Открывает глаза, где еще тлеют угольки вспыхнувшей страсти, но уже проступают холодные ростки здравых рассуждений. Они режутся, как наледь, что постоянно соскабливаю со своей машины. И ничего хорошего не обещают.
— Асаль, — мужчина, привлекая мое внимание, теперь и сам касается моей щеки. Так трепетно, как поправлял одеяло Ярдарбер, так ласково, как в ту ночь в Кеблавике, после первого поцелуя, — я не встречал такой девушки, как ты, и я вряд ли хоть когда-нибудь встречу кого-то похожего на тебя. Но мне нечего тебе предложить… а значит, и удерживать тебя у меня нет права.
Я сосредоточенно разглаживаю рубашку на его плечах. Прежде казавшееся чем-то нереальным, вот так касаться теперь — самая обыденная вещь. Триггви далек от моего мира так же, как Рейкьявик от Стамбула, а мне в его мире придется сильно постараться, чтобы хоть немного стать своей. Сложности — неотъемлемый этап отношений? Или они как индикатор несовместимости?
— Ты можешь предложить мне себя — ровно то же, что могу предложить тебе и я.
Триггви снисходителен к моим словам.
— Два по цене одного. Моя жизнь, моя дочь… Асаль, мой дом — все здесь, в Исландии. Без лета, в вечном тумане и дожде. А ты такая солнечная, моя девочка. Тебе не привыкнуть.

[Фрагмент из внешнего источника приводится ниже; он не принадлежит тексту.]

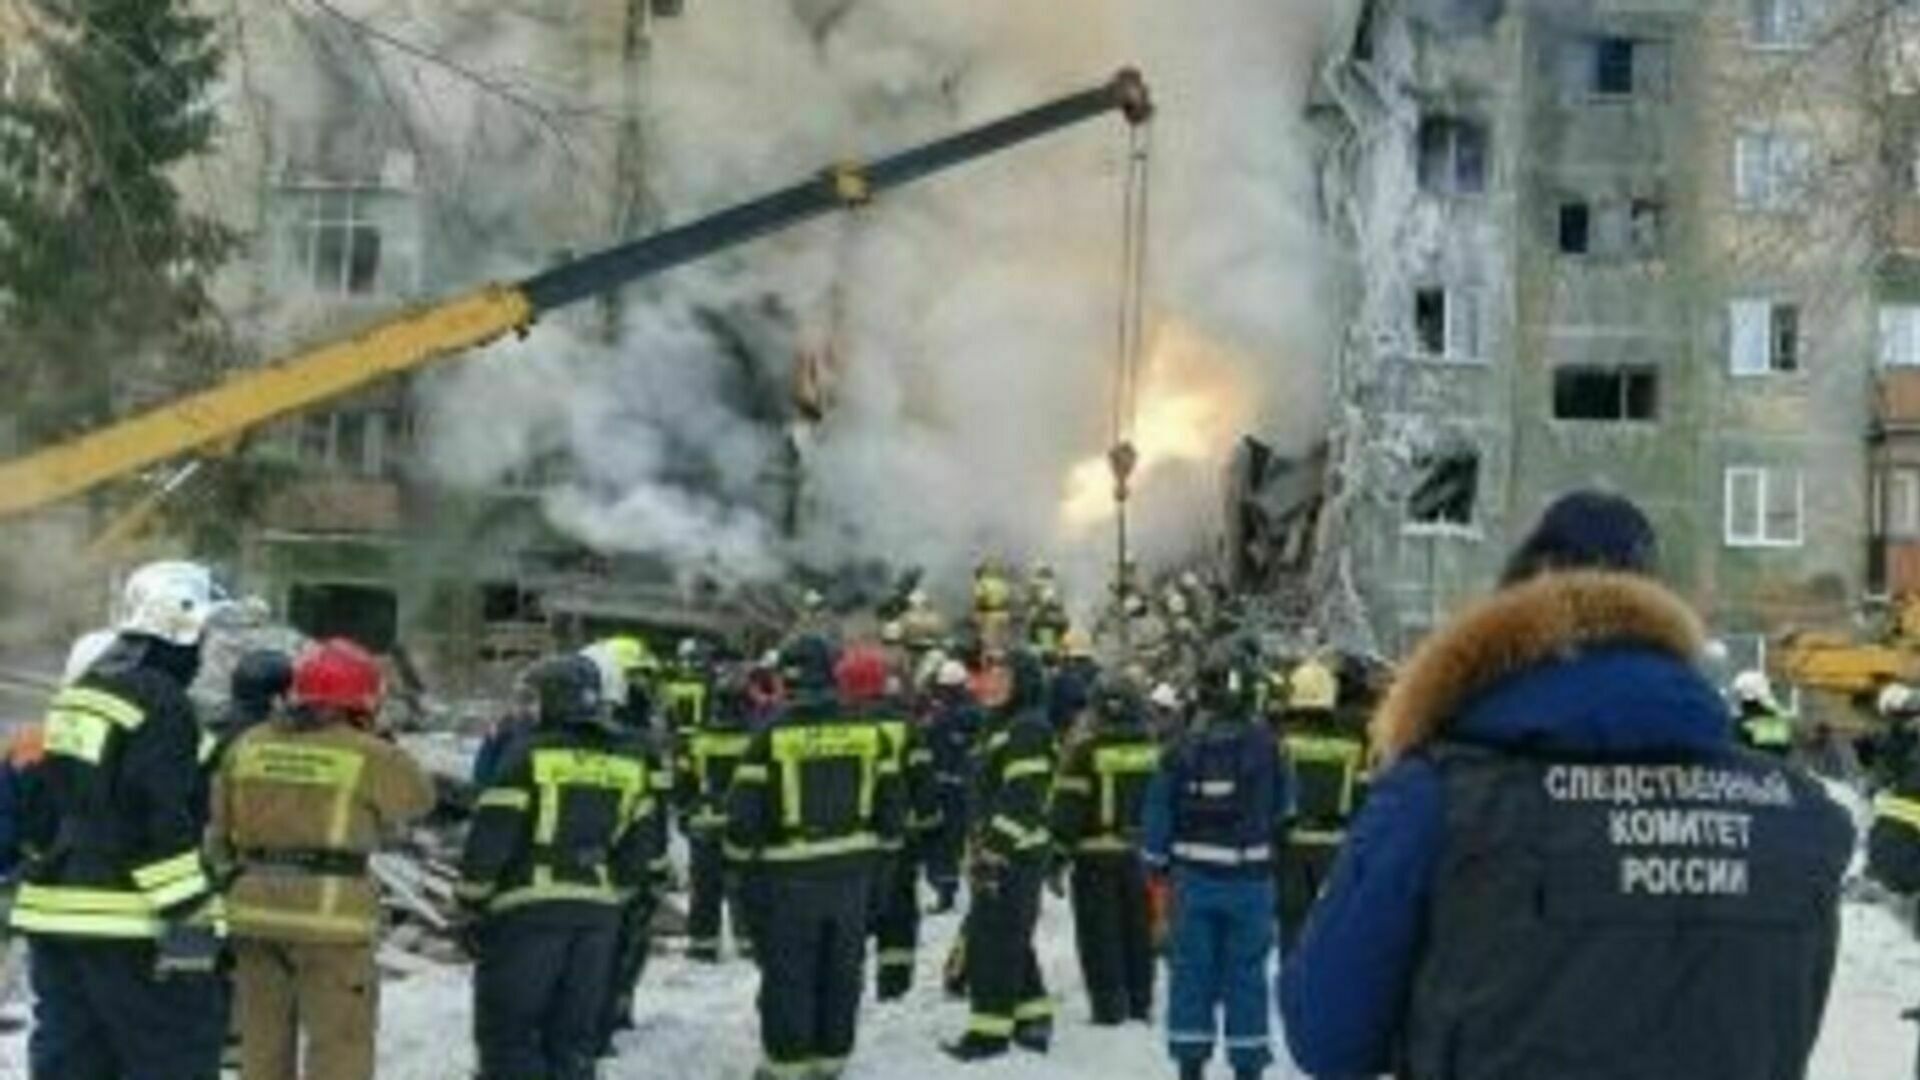 Rescuers have finished sifting through the wreckage of the exploded house in Novosibirsk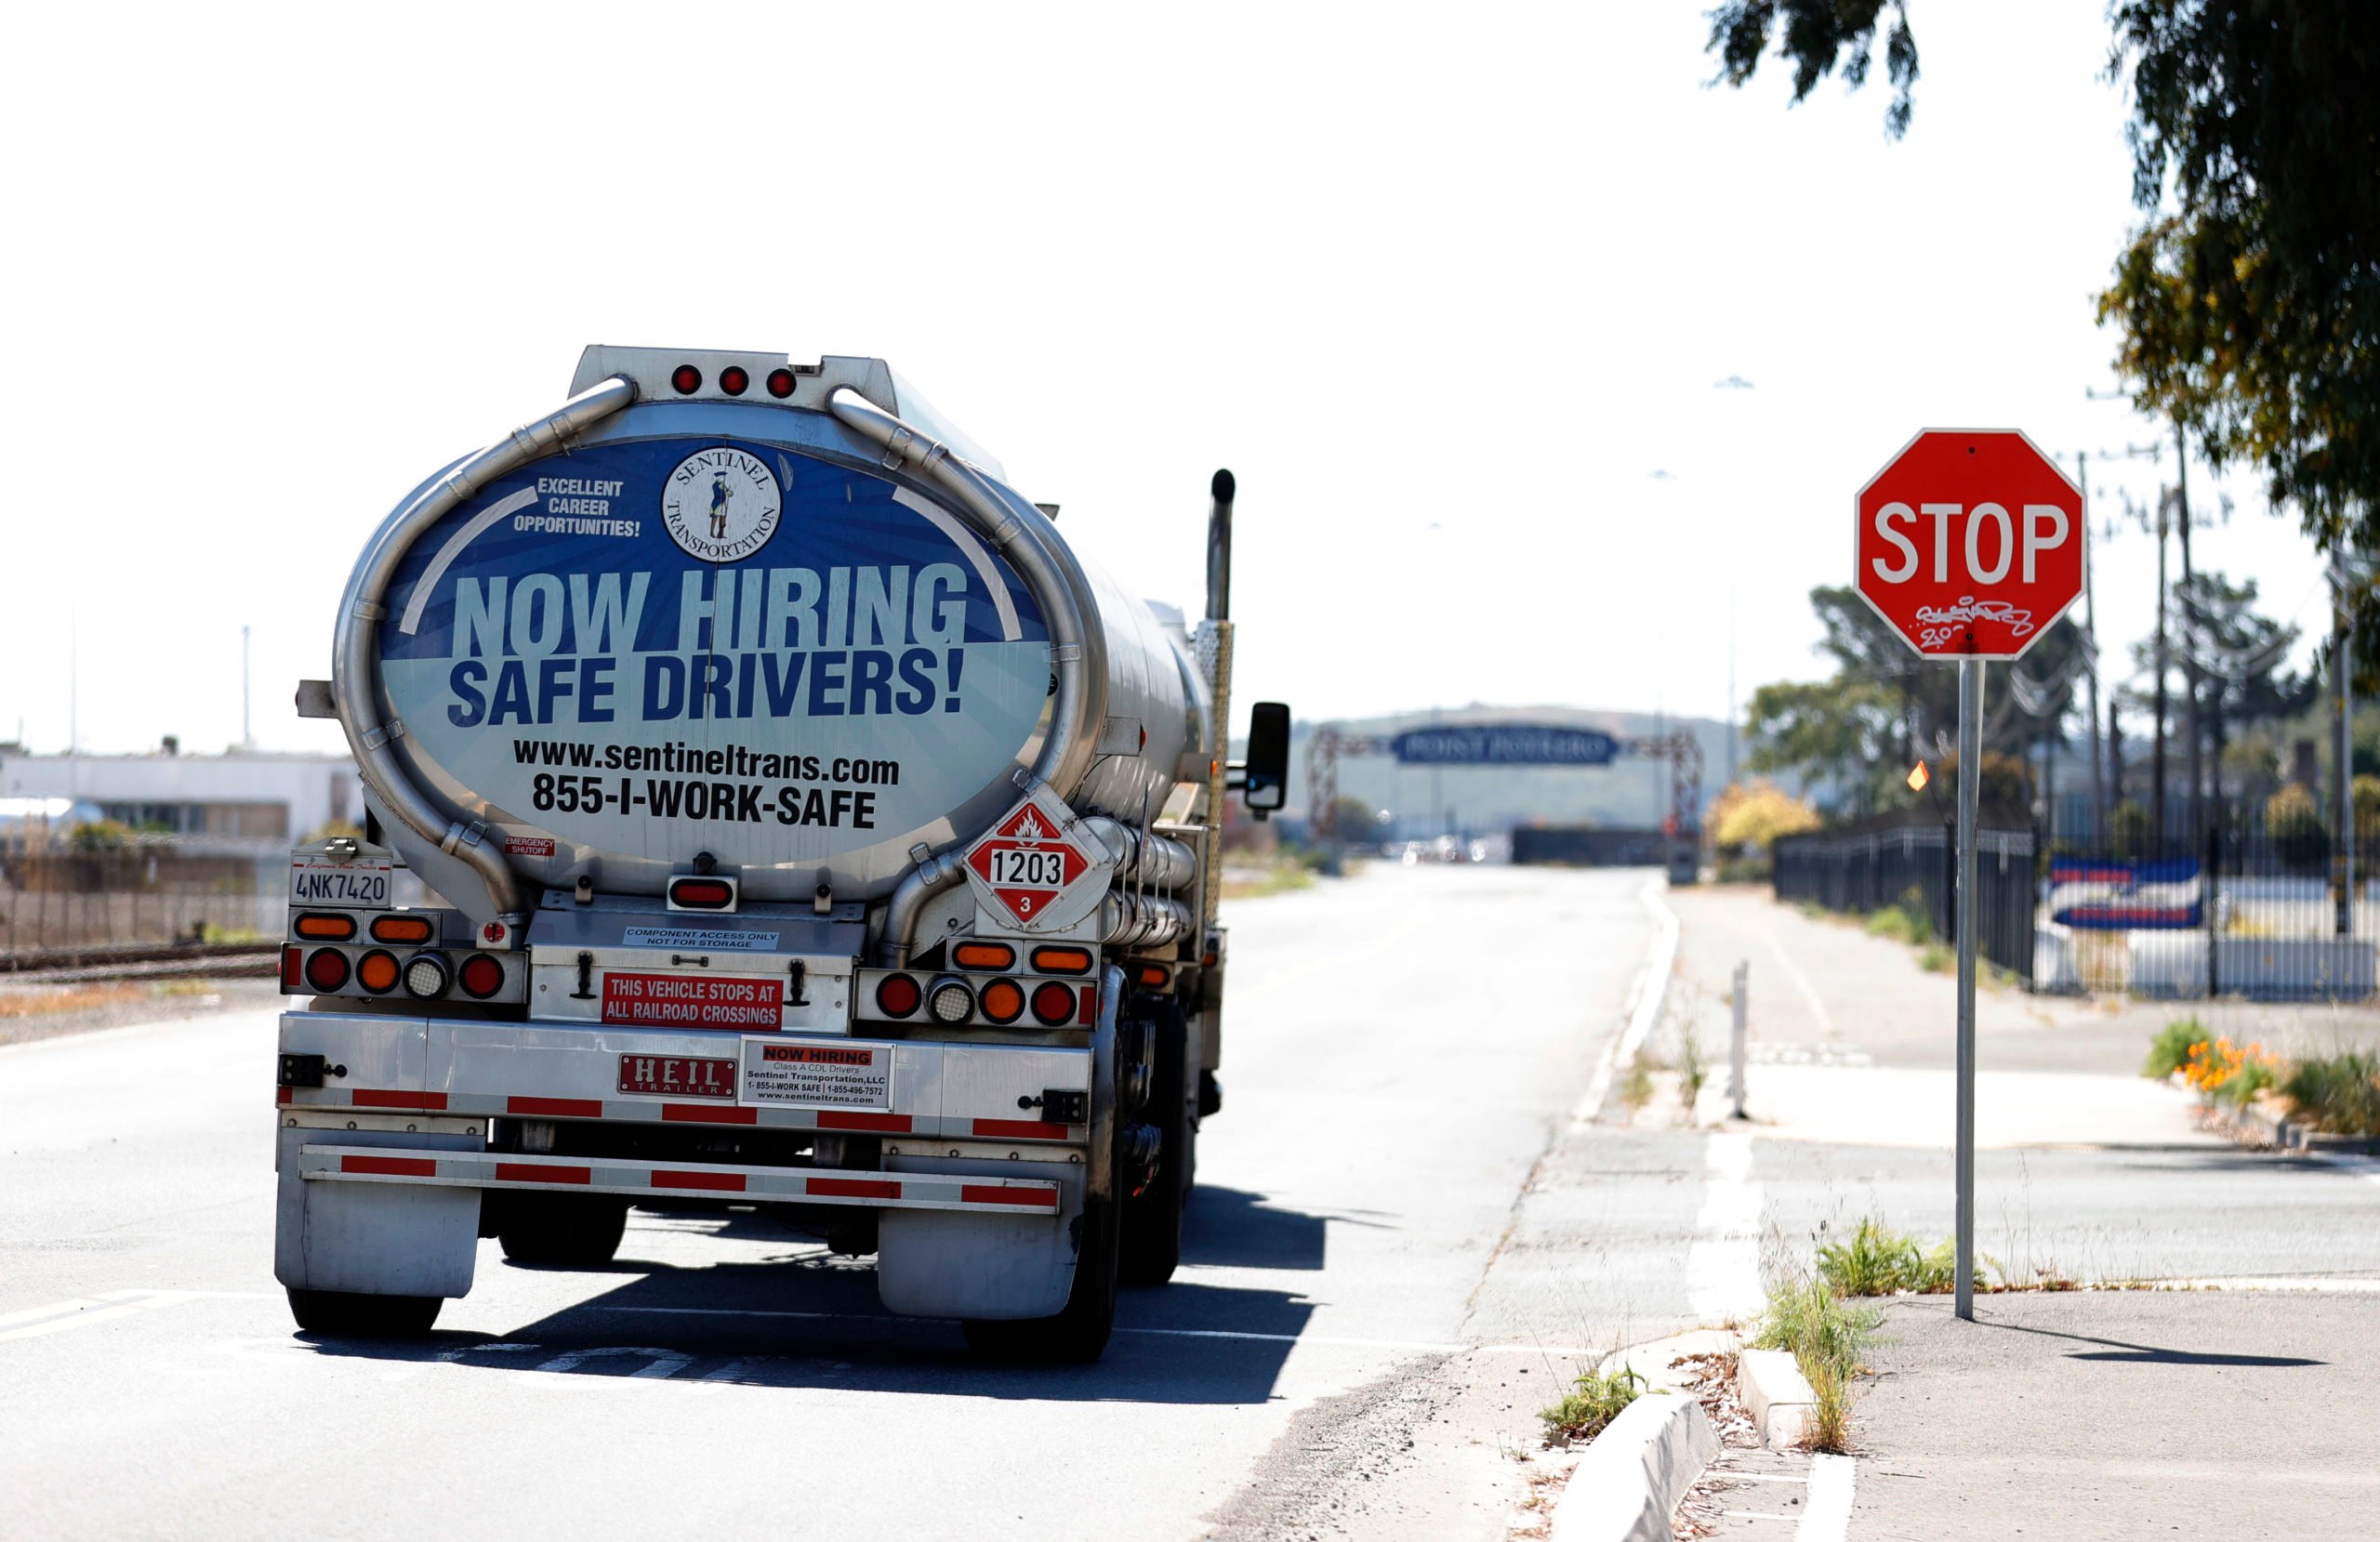 RICHMOND, CALIFORNIA - APRIL 29: A now hiring advertisement appears on the back of a fuel trucks on April 29, 2021 in Richmond, California. A lack of qualified truck drivers could lead to a shortage and gasoline this summer and could cause prices to spike. A gallon of regular unleaded gas is already at or around $4.00 in parts of California. (Photo by Justin Sullivan/Getty Images)

Тихо вздохнув, я наклоняюсь к Триггви. Едва-едва, очень аккуратно, касаюсь его лба своим. И вижу, как краешком губ мужчина улыбается.
— Я, быть может, смогу смириться.
…Улыбка становится горше.
— Как думаешь, это того стоит?
Мне проще говорить куда более сокровенные вещи, когда мы так близко. Я рада, что Триггви не отстраняется больше, я тоже не хочу. Порой нужна решимость оставаться рядом.
— Триггви, — я глажу волосы на его затылке, привлекая к себе все внимание, — я знакома с тобой без малого две недели… но уже, кажется, знаю о тебе больше, чем о ком бы то ни было. И мне так нравится то, что я знаю и вижу, что не готова от этого отказаться. Бывает, все понятно по первому взгляду. И тут уж хоть косой дождь, хоть снег, хоть прошлое… у каждого есть прошлое и каждому выбирать, что с этим прошлым делать. У твоего прошлого очаровательная улыбка и такие красивые папины глаза. Я думаю, да, это того стоит.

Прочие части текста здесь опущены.